Any advice / tips appreciated.

There are only 2048 possible words: go-algorand-sdk/wordlist.go at develop · algorand/go-algorand-sdk · GitHub
So your solution would be quite fast.

I would estimate anything above 3 missing words will take too much time to compute :thinking:

The number of phrase combinations from any 23-word sequence is:

Combinations = (2048 ways to choose 1st word) * (2048 ways to choose 2nd word) * (300 possible locations) = 1,258,291,200

:hot_face: A lot of iterations, but it’s doable

Note: 300 comes from choosing 2 locations from the 25 of the complete phrase (i.e. 25 choose 2)

In general, the number of possible iterations for a brute force computation of a phrase missing n words is:

Combinations = 2048^n * (25 choose n)

Indeed, if you don’t know the positions of the two missing words, it looks like it’s about 1B tries.
The check that the key is valid is done in two phases:

  1. first check the checksum (you can do around 1-10M of such checks in 1s on a recent computer with a single core),
  2. then if the checksum is valid (this should happen every 2000 tests or so - even less because there is some redundancy I believe), compute the public key (you can do at least 5,000 such computations in a second)

So overall, in average, you should be able to do at least 0.5M checks per second per CPU core, with optimized enough software.
You should be able to recover your key in less than one hour cpu core, with optimized enough software.

PS: If you assume that one missing word is the 25th, the 25th word does not need to be brute-force, it can be recomputed from the first 24 words.

The hope is that it is the final 2 words that I’ve missed. With the 2,048 words is that minus the 23 I already have or is it possible to have repeated words? Not that 23 words less makes it any easier of course.

I have extremely limited knowledge of Python so it will likely be a bit to get my head around but it at least sounds like it is possible.

Is there a way to iterate through the mnemonic attempts once they are created or is that already part of the Python script?

As another option would a restore on the laptop from a few days back recover the lost LocalStorage?

Thanks for all the help

Hi, I have something similar happen to me, did you manage to sort it out? If so how?

Kind regards,

Hi Stefan,

Not sure how this issue was resolved, but it is certainly possible to retrieve your full phrase if you only know 23 words and the public key.

It does take willingness to learn Python, though. Building the brute-force program would take a bit of effort. If you know 24 of the words, I posted a program for finding the last one at the link in the original post of this thread.

Does this help?




I like many it seems, have lost access to my AlgoWallet. I have 13 words of my passphrase. Would you be able to help me out?

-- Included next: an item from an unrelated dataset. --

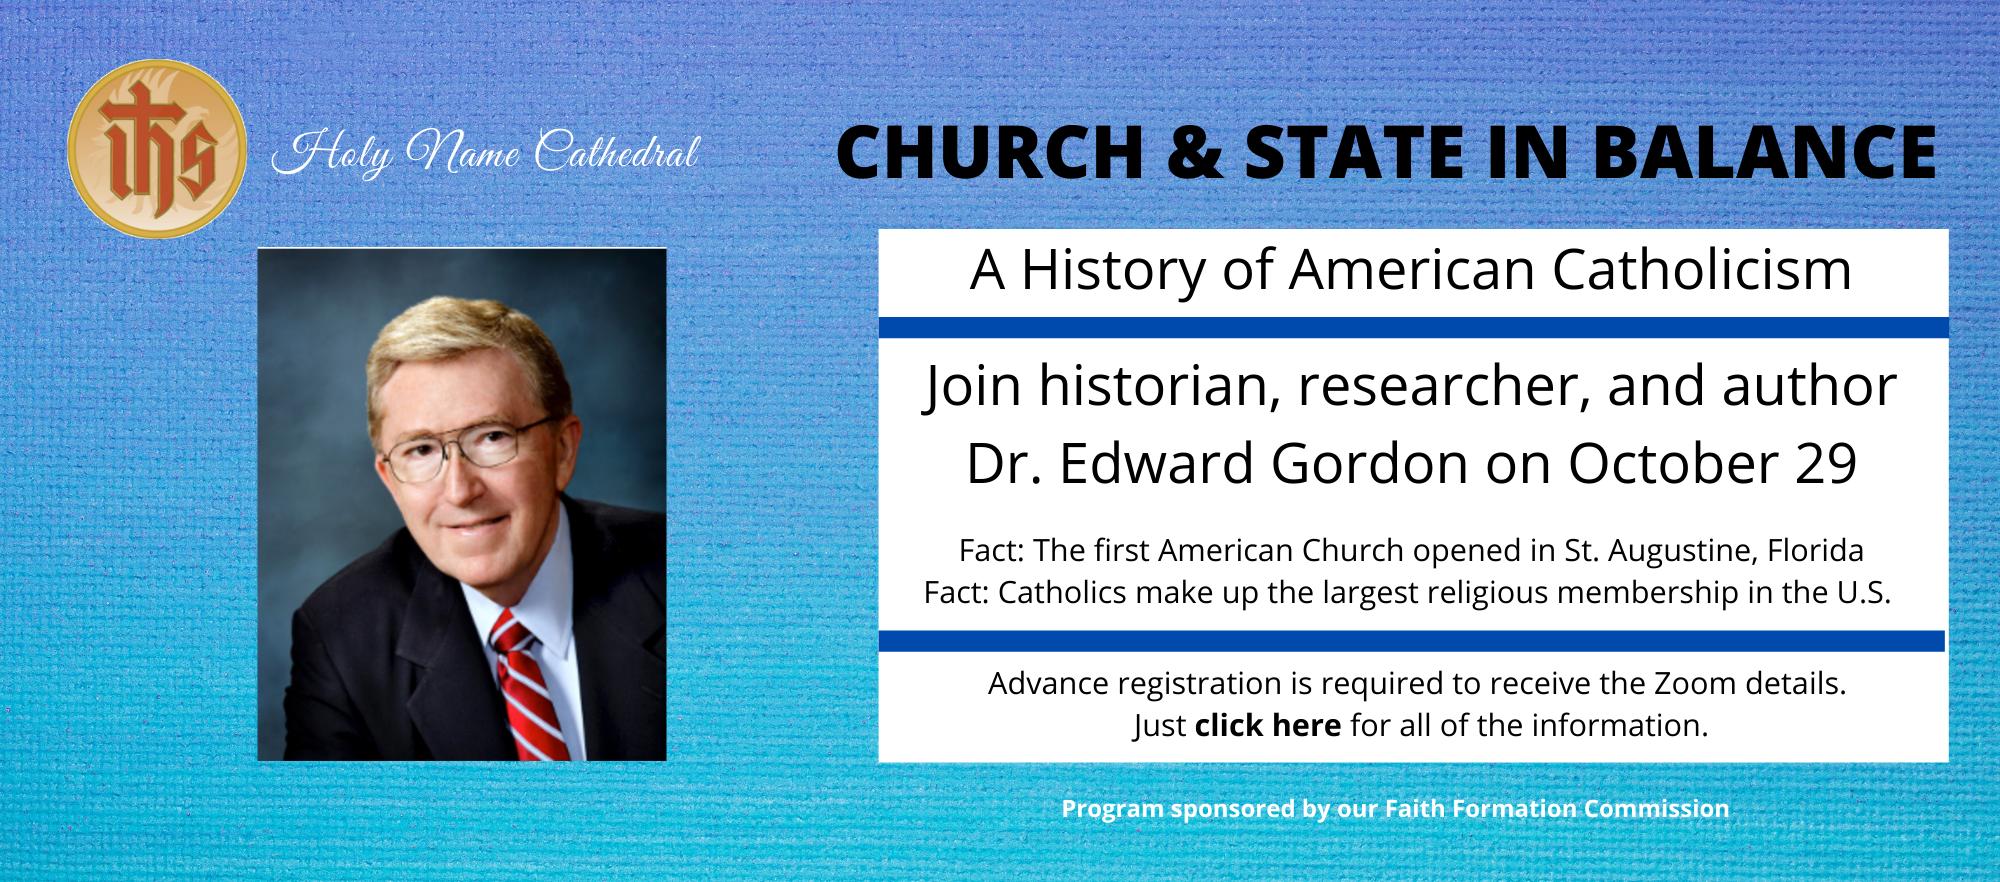 Replacement Slide for Dr. Edward Gordon October 29 Webinar

I believe I have the first 13 words in my phrase, is there a python script that may sort the remaining?

Hi, @ThatTylor , welcome on the Forum.
You miss the last 12 words of the passphrase. The last word is a checksum, so you miss only 11 words.
Every word of the passphrase codes 11 bits, i.e. you miss 11*11=121 bits. That is roughly 10**36 possibility, so the Python script would run till doomsday.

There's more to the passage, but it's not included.